Devs chuck code out without HTTP connection pooling or pipelining requests, let alone reasonable timeouts. Hikari has an awful default DB pooling config, and on and on. Inevitably it gets reported as “latency” when a quick look at [APM tool] shows all the time is spent waiting on a connection, or a stack trace shows which library chucked the timeout.

And often devs just bump connection pools higher when they see a bottleneck and there’ll be 1000 idle connections wasting DB resources and not helping the problem (inefficient query, missing index, etc).

I complain because the defaults here are masochistic. But there does need to be a cultural change where using a client or server library assumes a tuning exercise. And yeah, good testing would be great too.

There are no 1-size-fits-all values. You have to look at the use case and the SLOs of the app and it’s up and downstream dependencies. You don’t want optimizing a config in isolation to break a larger system either.

Software development is hard. It requires understanding. No language or library can solve that for this stuff. I just wish all of these libraries’ docs called that out up front vs projecting plug and play. It’s all there, but buried in the godoc for you to have to know what you’re looking for. Others are worse.

This is especially the case with http libraries, since it’s usually building a client or server object/whatever correctly and not just a config tweak you can slap in at 2am.

And back to the original point, when there are 12 implementations that can mean having to relearn this activity for each one.

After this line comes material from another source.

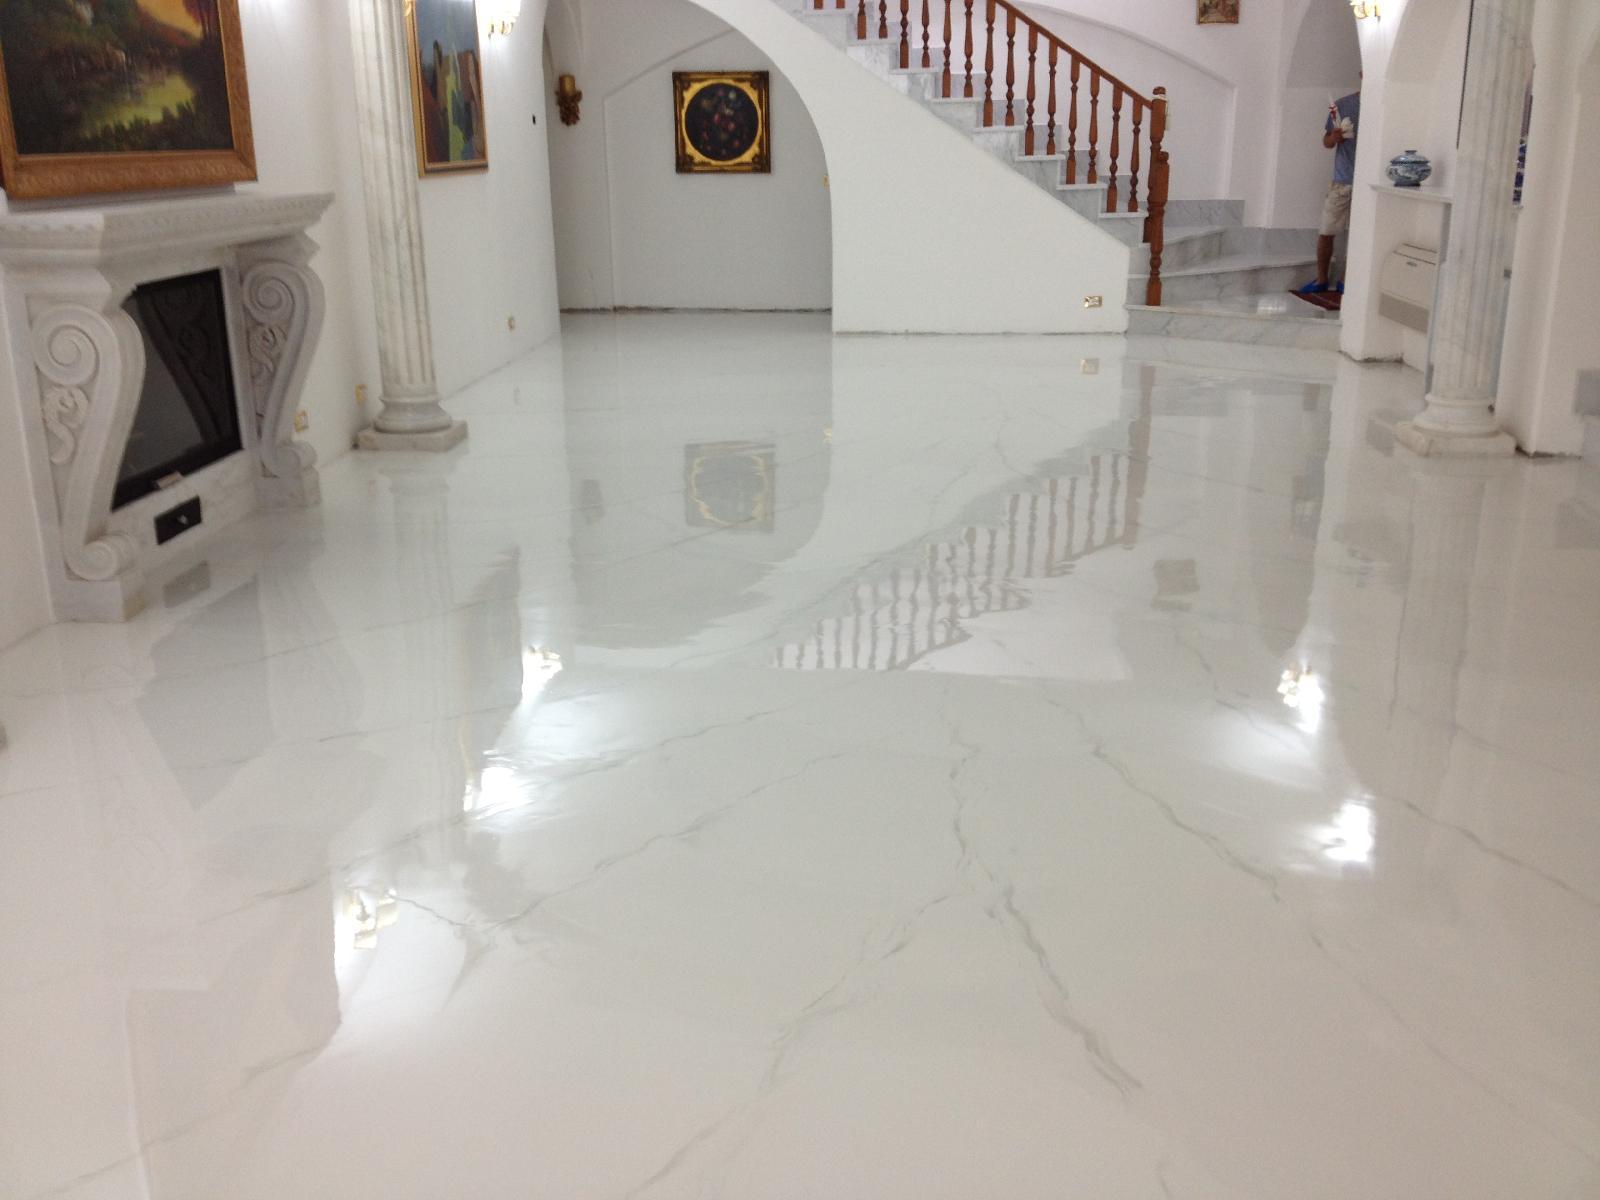 Pavimento Bianco Lucido Prezzo : Pavimento resina bianca lucida i prezzi dei pavimenti in resina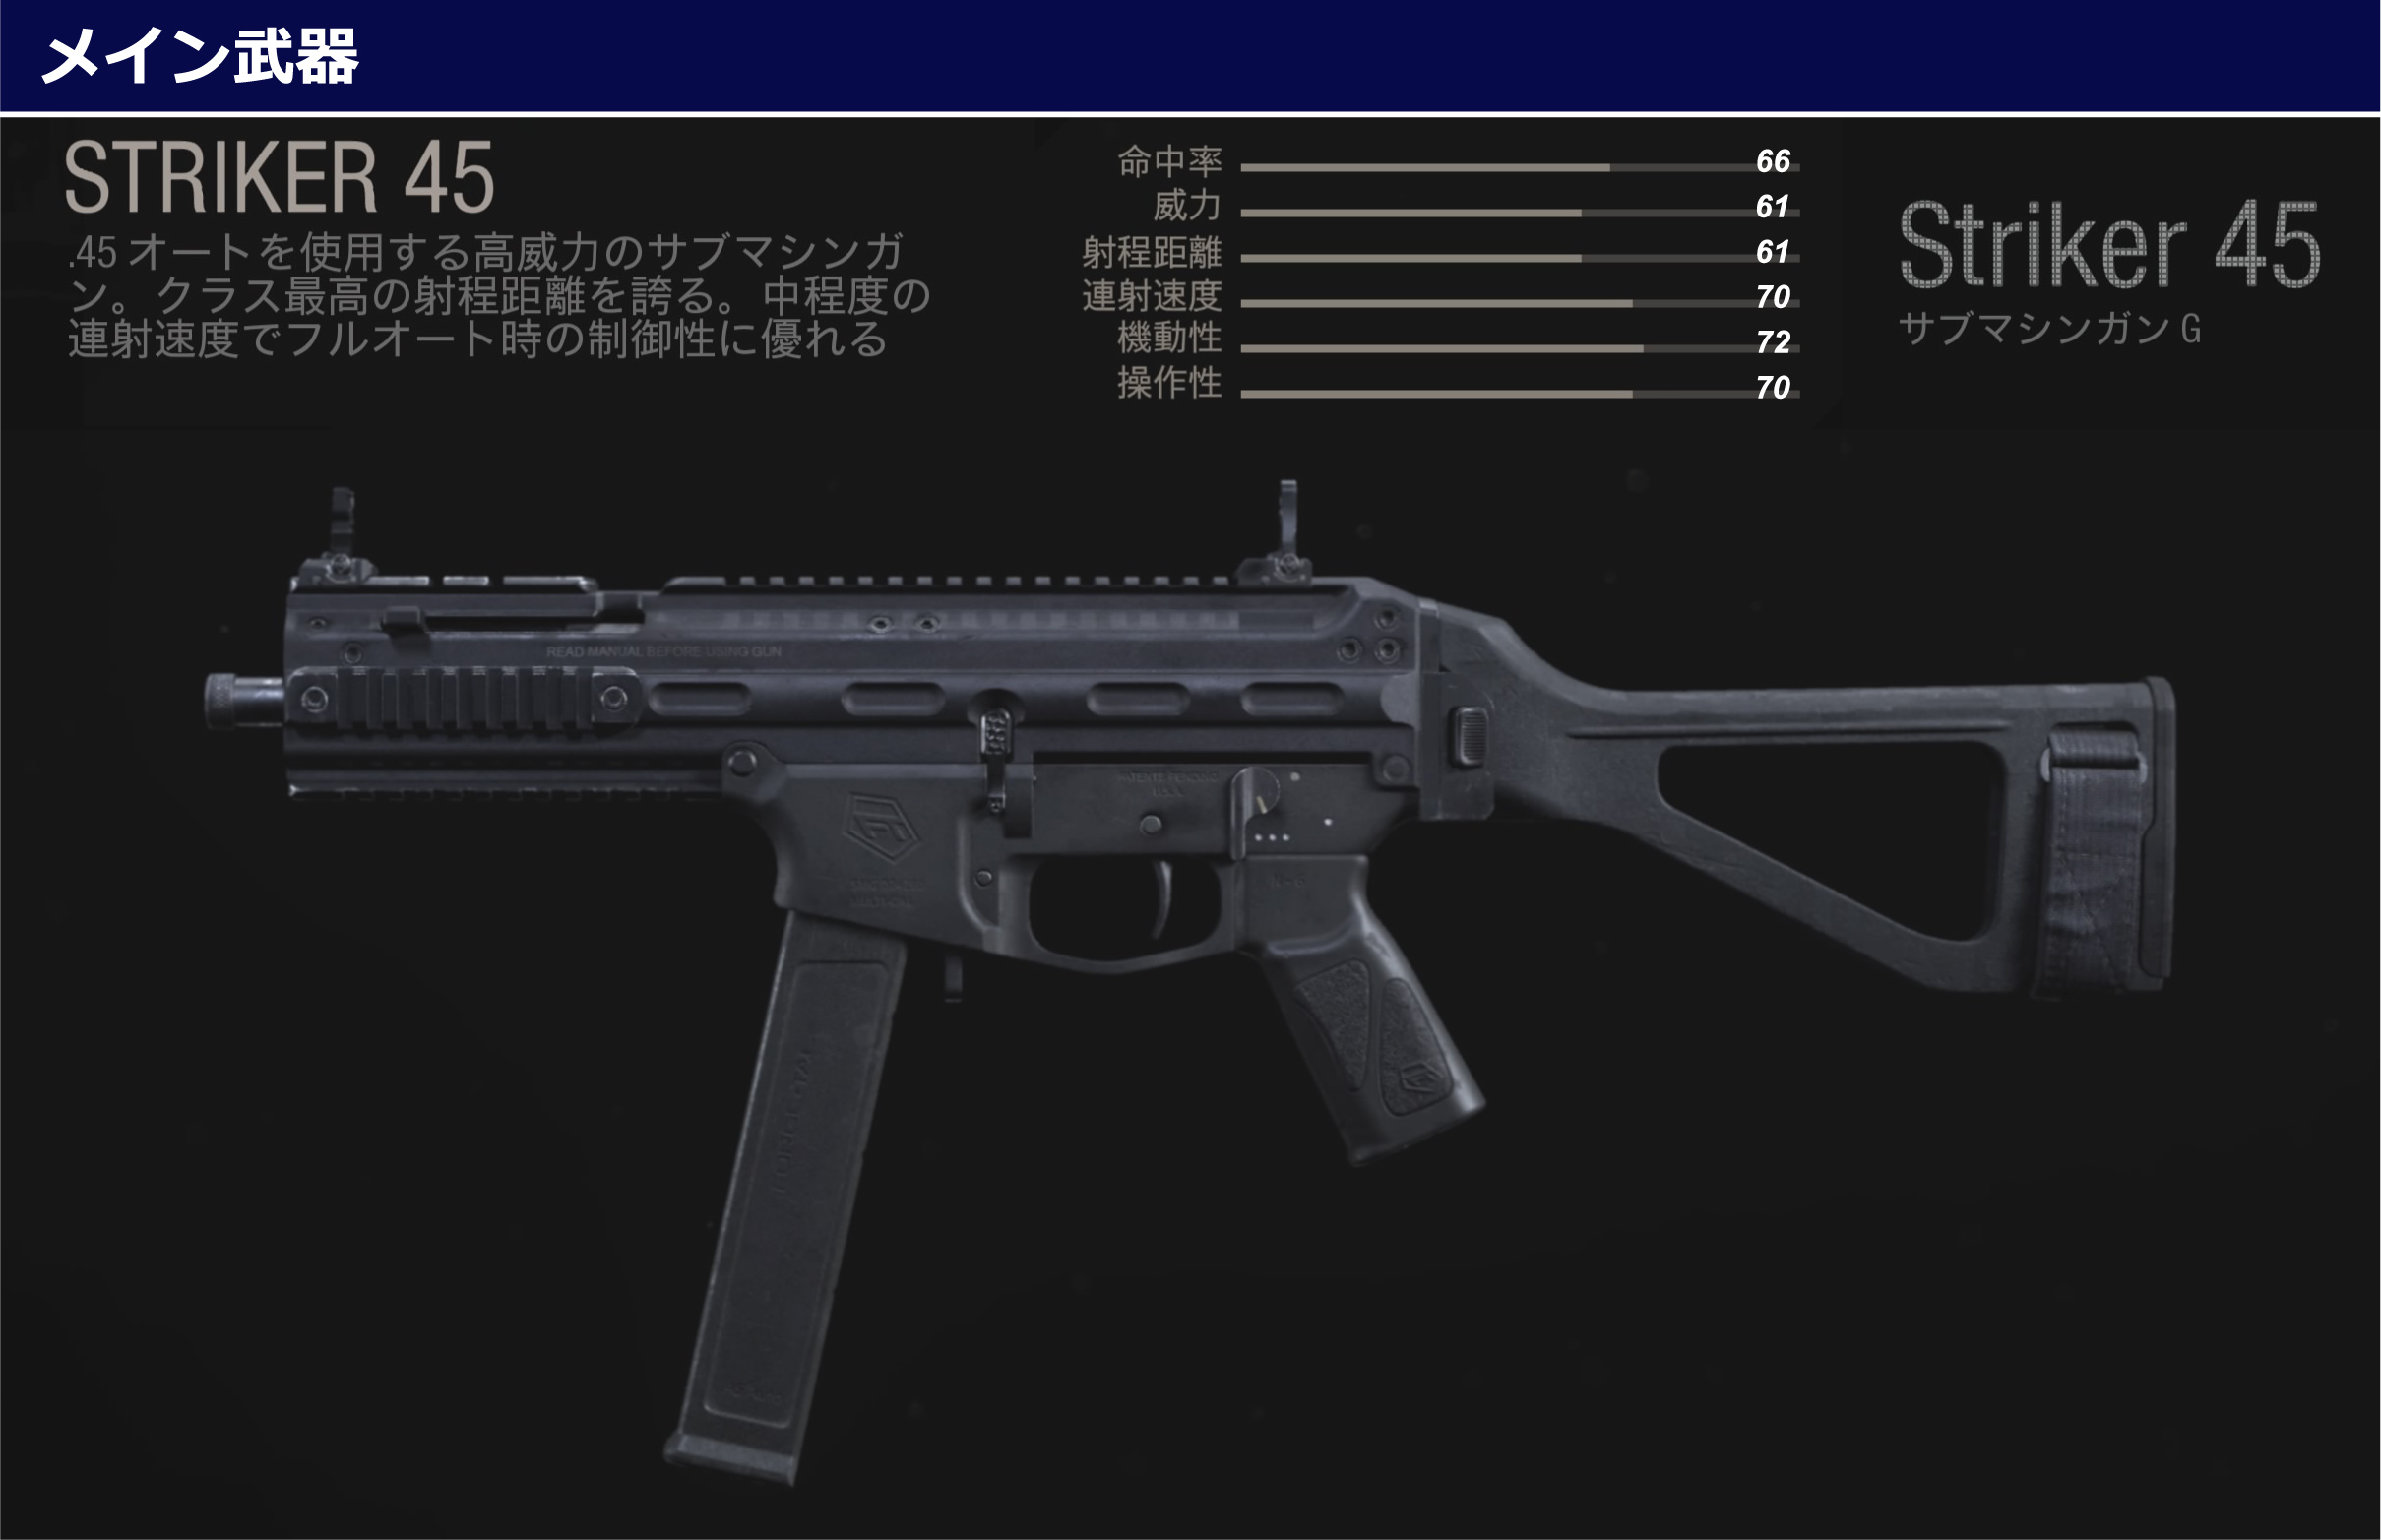 Striker-45

That said, if I’m using Go, that usually means building something with net/http and handing it to the library to use instead of the default. Other languages without that base layer baked in don’t get that advantage.

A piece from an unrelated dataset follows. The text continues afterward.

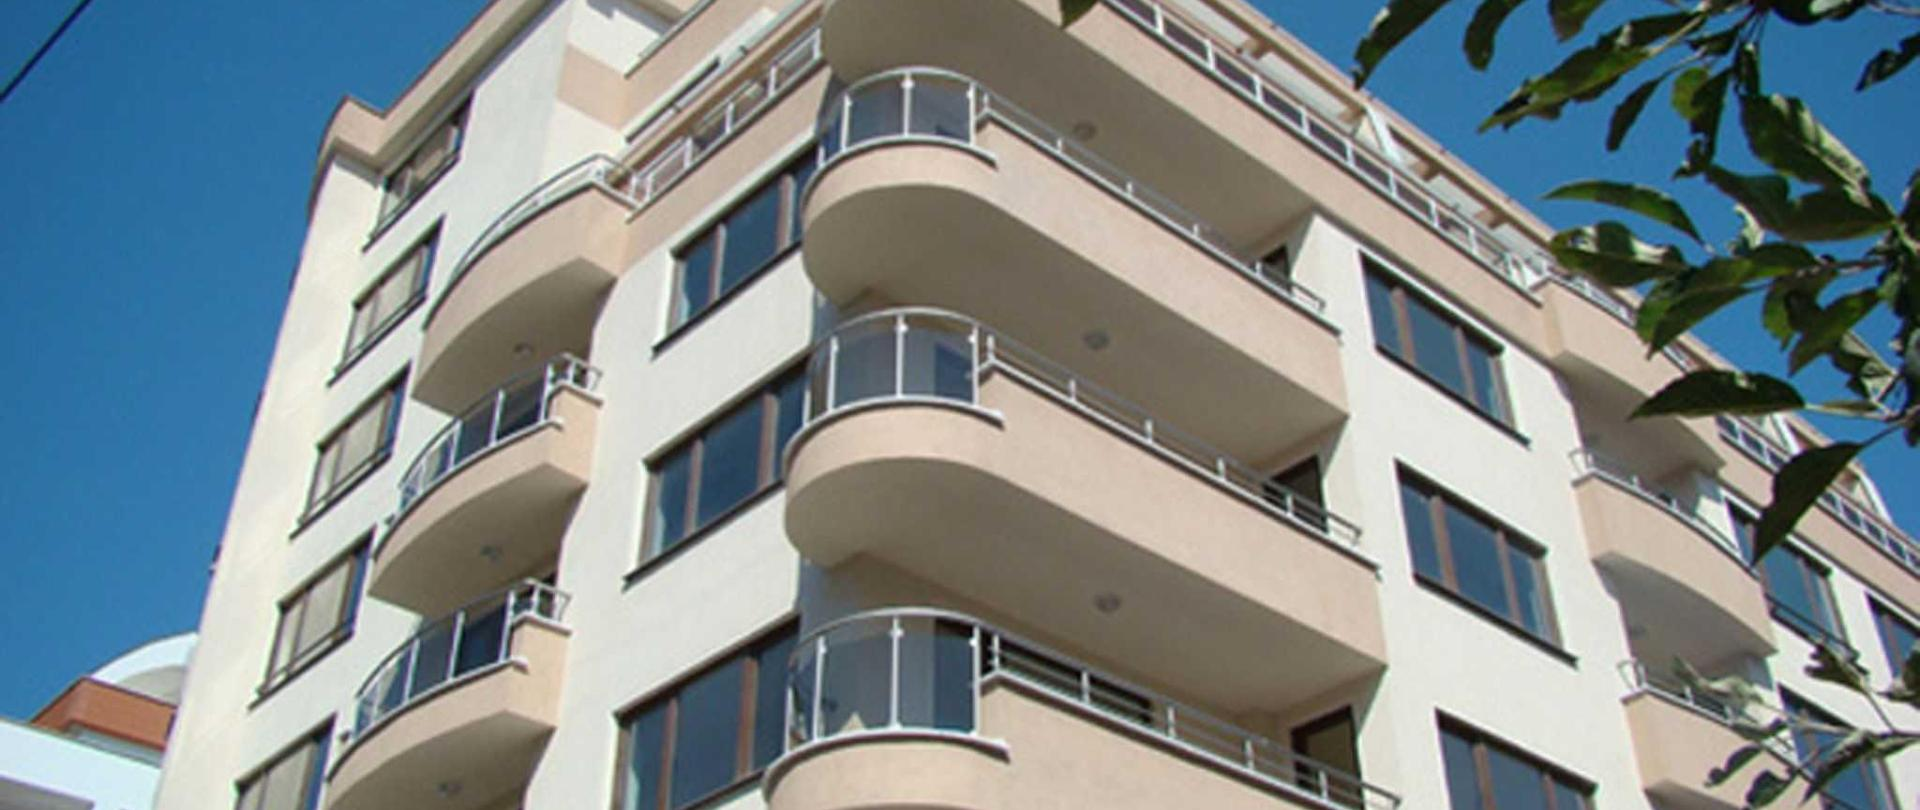 hotel_apartment_building.jpg

Back to Java/Spring: usually Catalina vs netty/Reactor Core are 2 totally different worlds and often dev teams don’t know which they picked or that they switched when they generated a new project and pulled their code in from Spring Boot 1.5 to 2.x.

When you code go by sticking to the standard lib like that, that the friction of updating becomes as smooth as compiling with the new version and deploying. Really quite sweet.

You -CAN- go the route of using a well supported, well maintained library but I have seen some code rot on larger projects in the go code ecosystem for stuff that tried to include more batteries.

I'm on the opposite side here, the slim standard library is something I enjoy with Rust. I can pick and choose from a multitude of different libraries with different trade-offs, strong suits and so on without being locked to one single implementation. I don't know what the guarantees for the standard library for Go is, but Rust's is very strict, you better be damn sure the design once something goes into `std` is near perfect and thought through, there are already mistakes, deprecations and design mistakes in Rust's standard library that will forever be there. Similar to how Python has both `urllib` and `urllib2`, and others like it, I'm of the opinion that a big standard library is where good libraries go to die once the stability guarantees come into play; though being able to do so much when scripting with Python is certainly a boon.

On top of all those questions, how safe against supply chain attacks is the library?